→ **Supplied information**:
◆ ◆ ◆ ◆ ◆
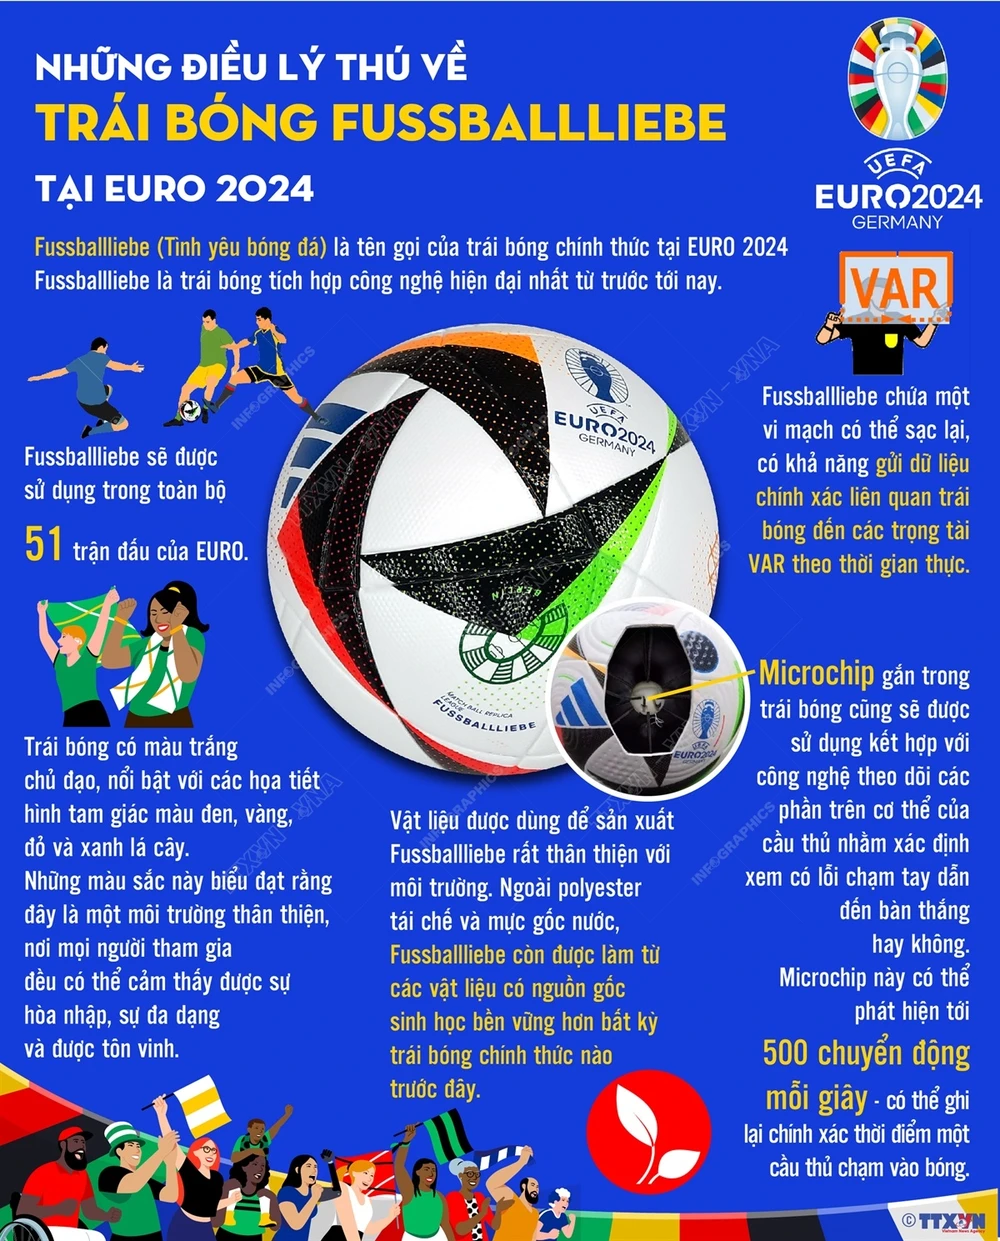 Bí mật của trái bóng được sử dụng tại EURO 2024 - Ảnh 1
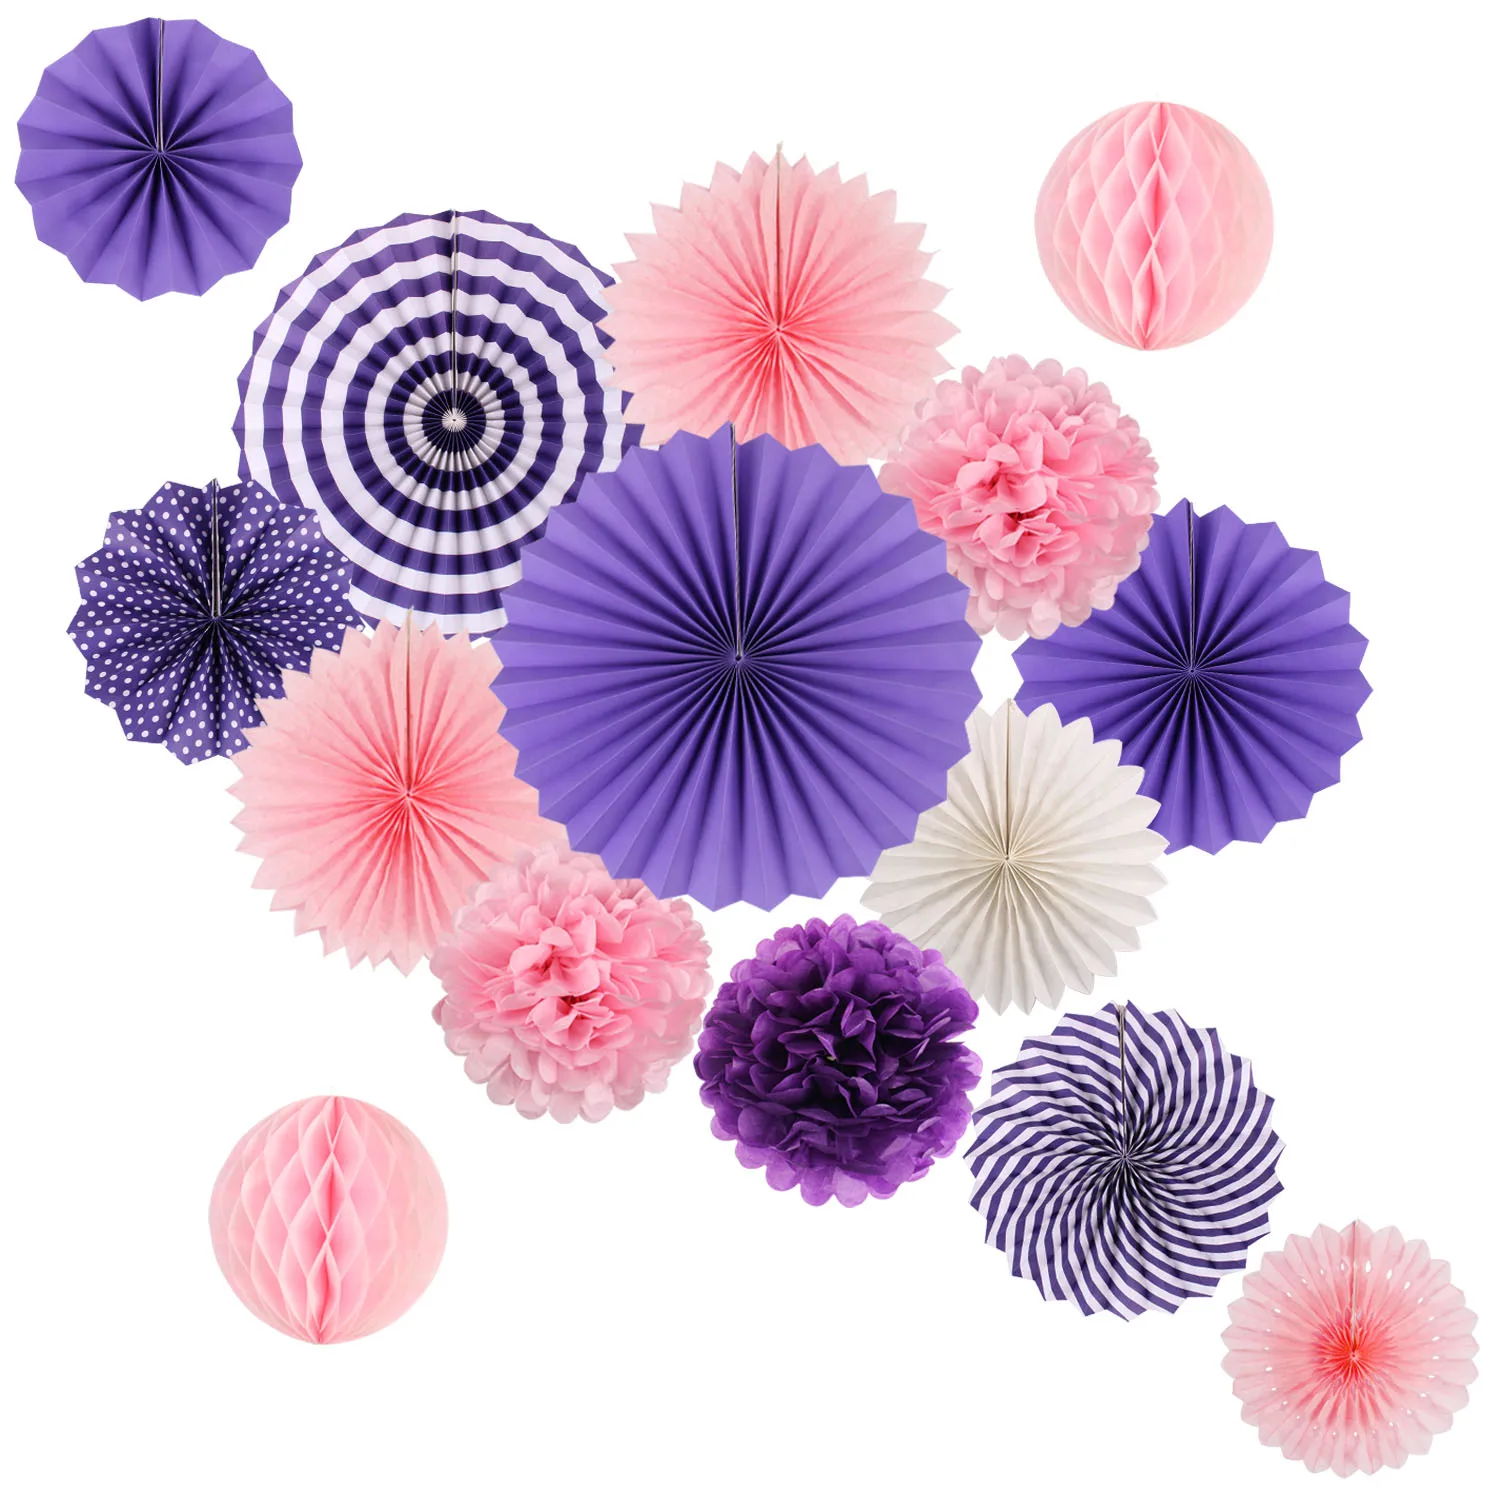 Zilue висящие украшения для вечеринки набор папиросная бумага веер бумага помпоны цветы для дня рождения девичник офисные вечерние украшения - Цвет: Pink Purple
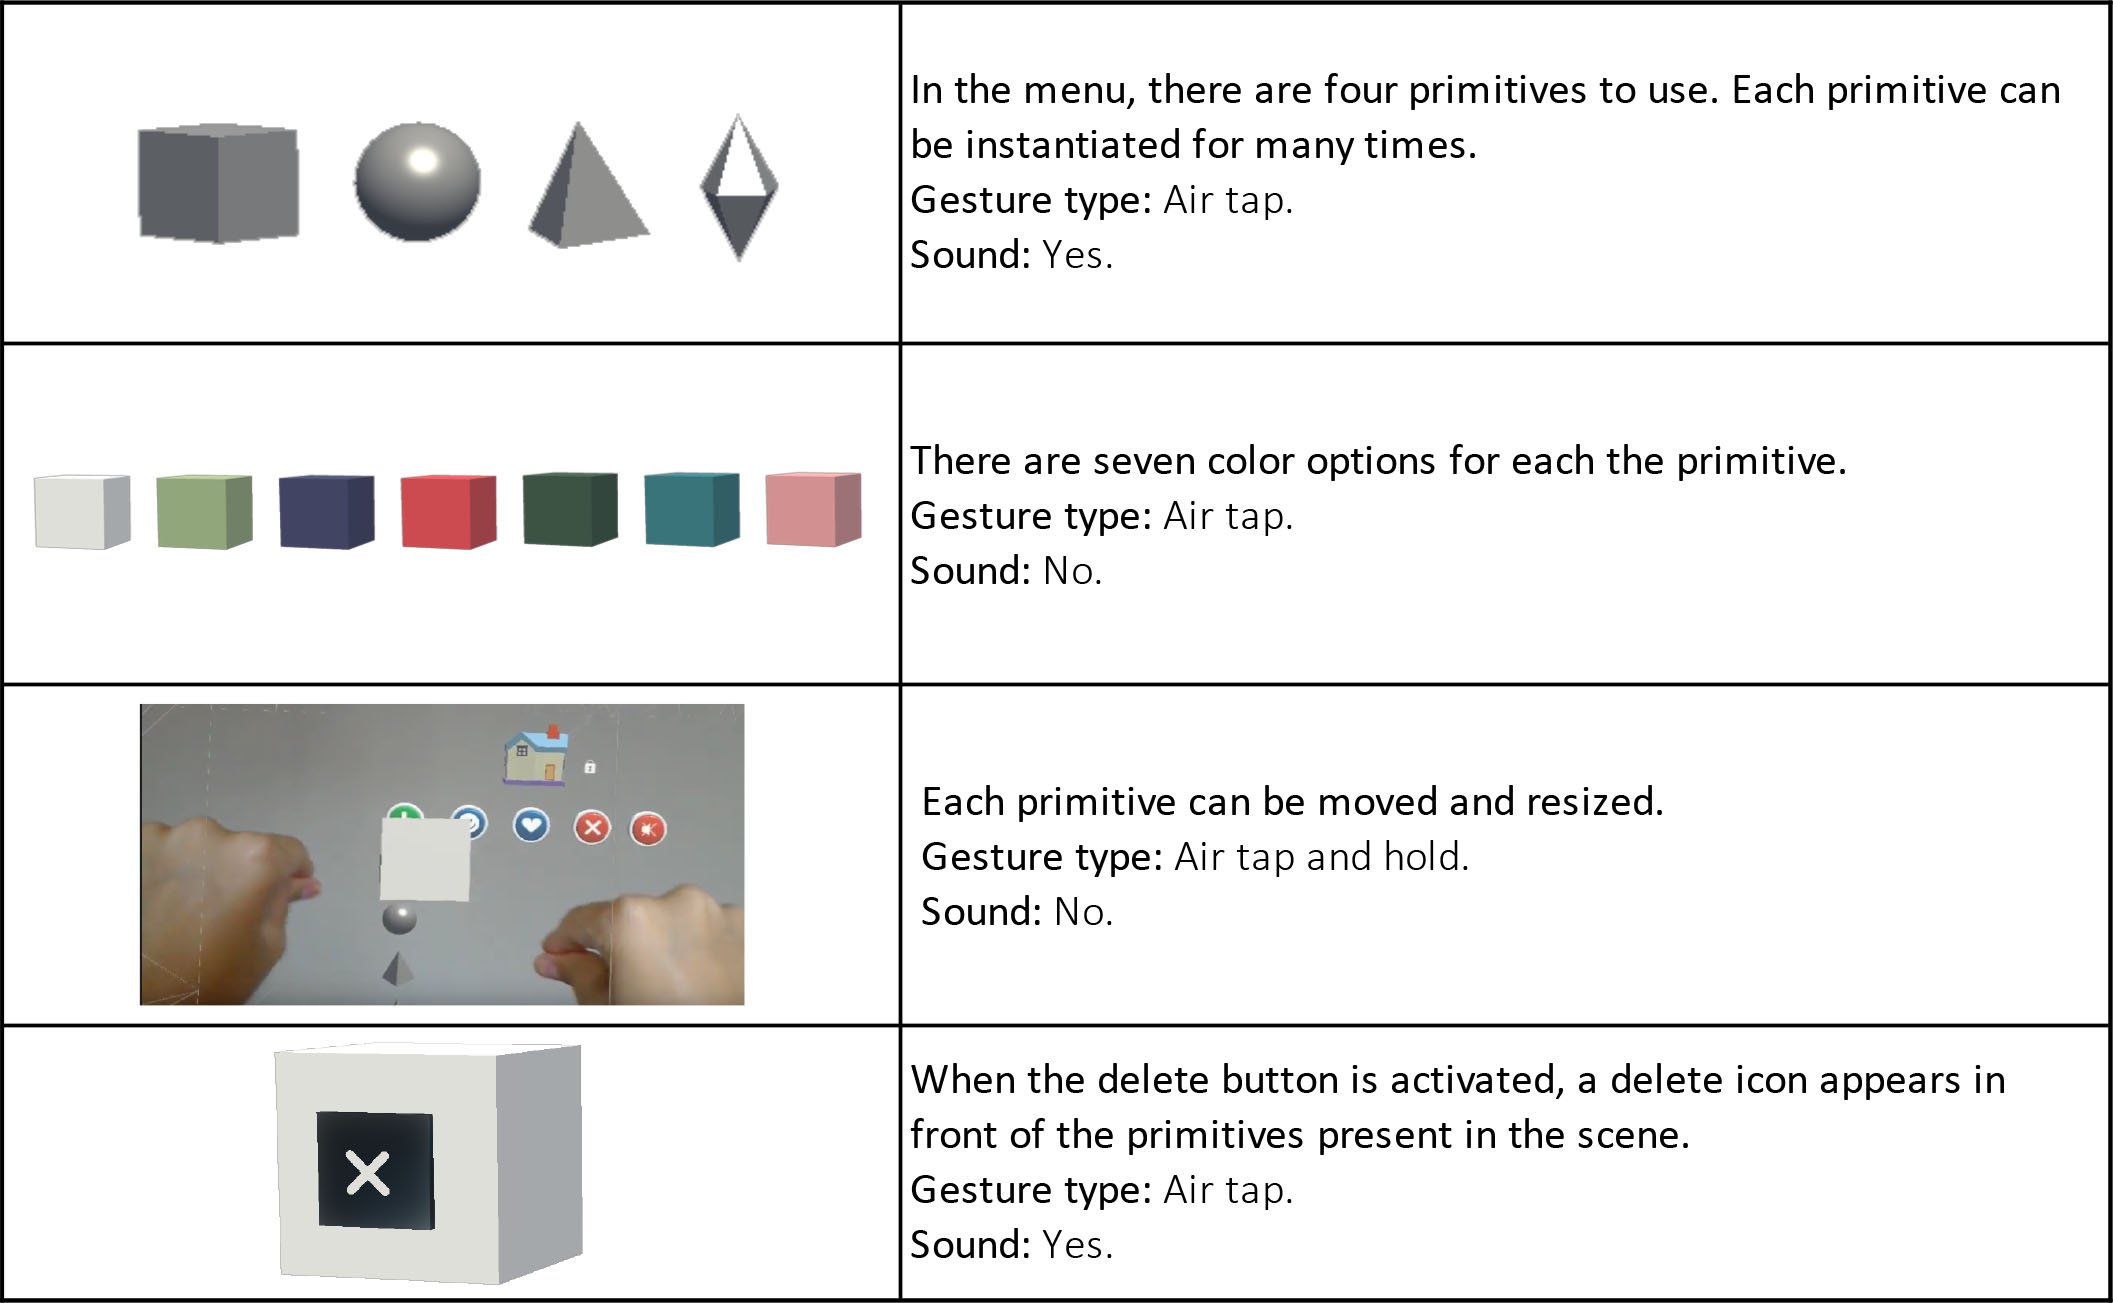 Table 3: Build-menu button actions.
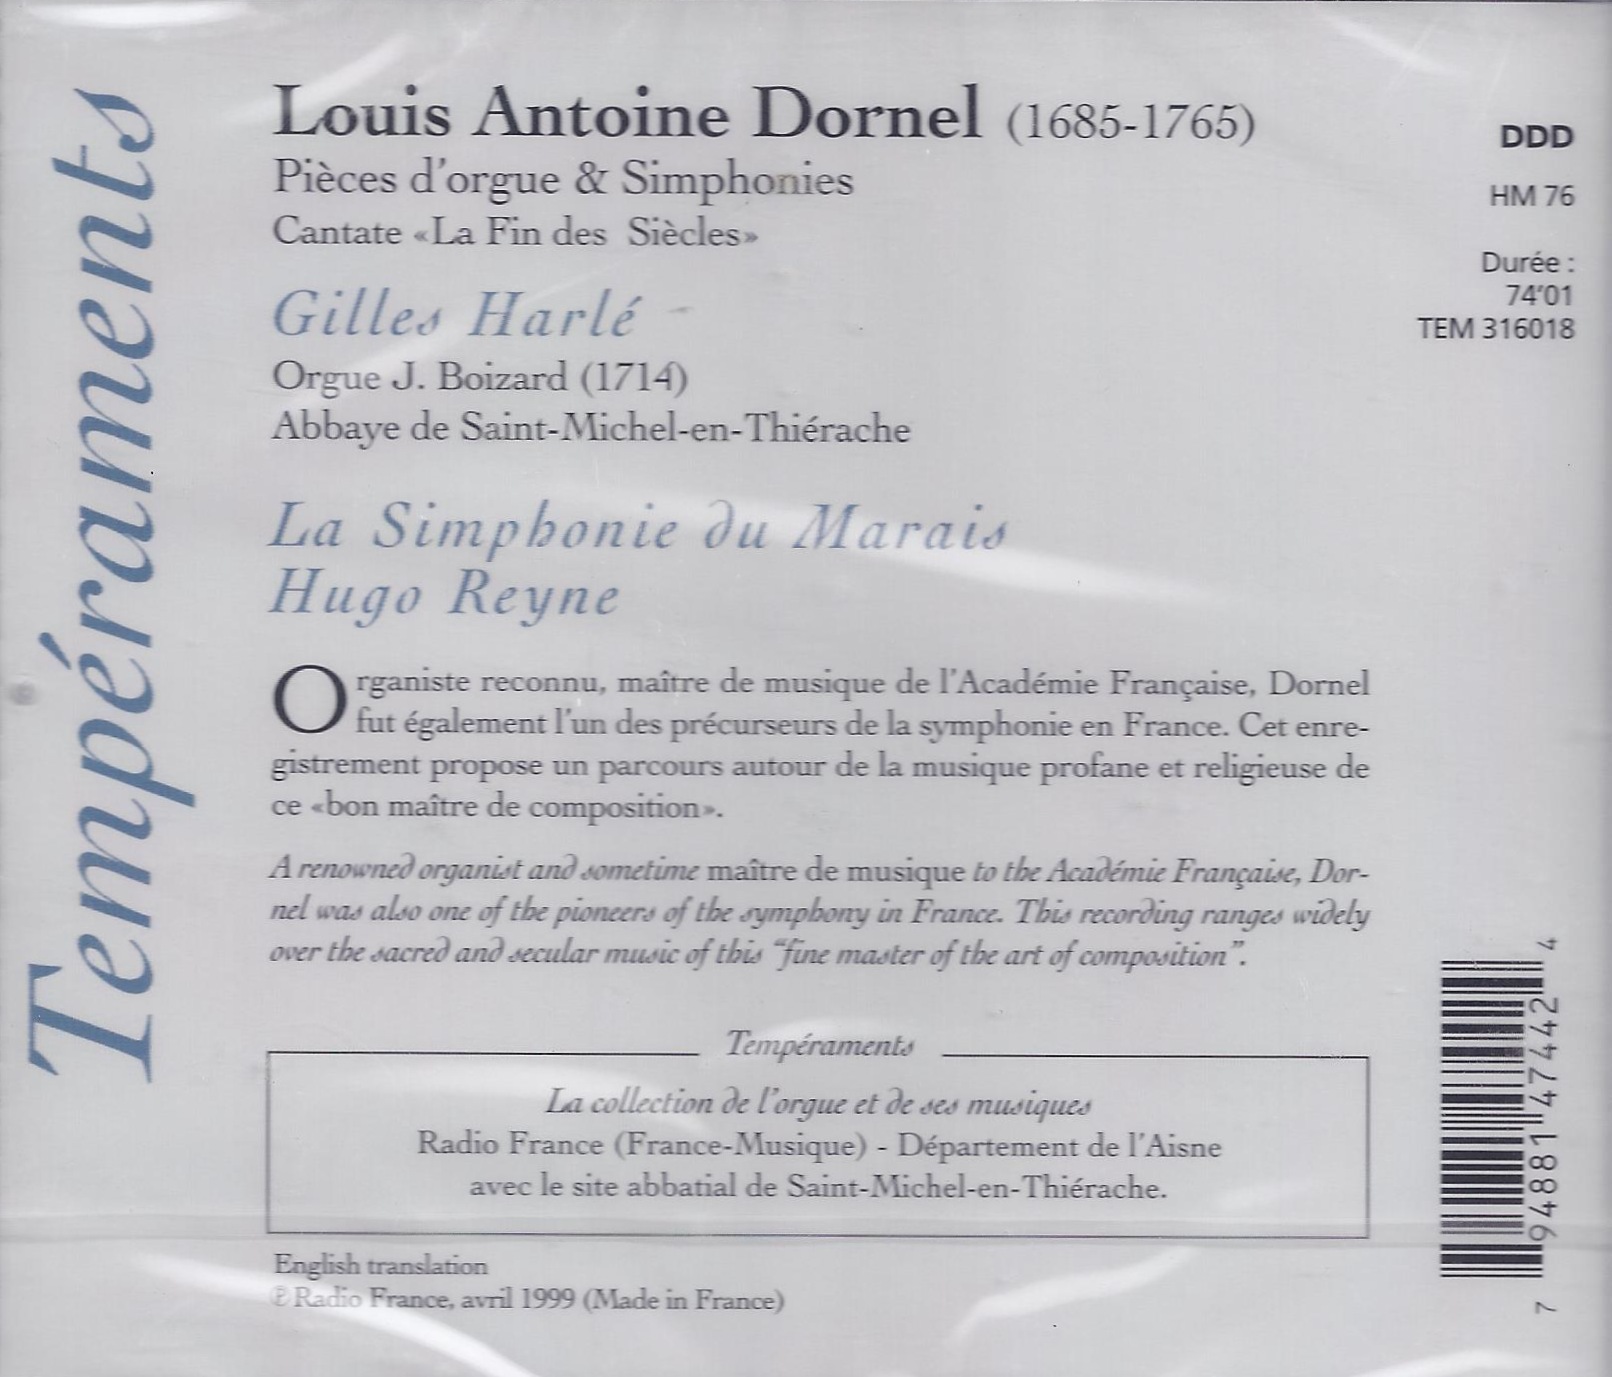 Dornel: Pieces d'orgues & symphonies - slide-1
◆ ◆ ◆ ◆ ◆
→ **Task prompt**:
The material above holds pictures; copy everything else in it exactly.

→ **Reply**:
 Bí mật của trái bóng được sử dụng tại EURO 2024 - Ảnh 1
 Zilue висящие украшения для вечеринки набор папиросная бумага веер бумага помпоны цветы для дня рождения девичник офисные вечерние украшения - Цвет: Pink Purple
 Table 3: Build-menu button actions.
 Dornel: Pieces d'orgues & symphonies - slide-1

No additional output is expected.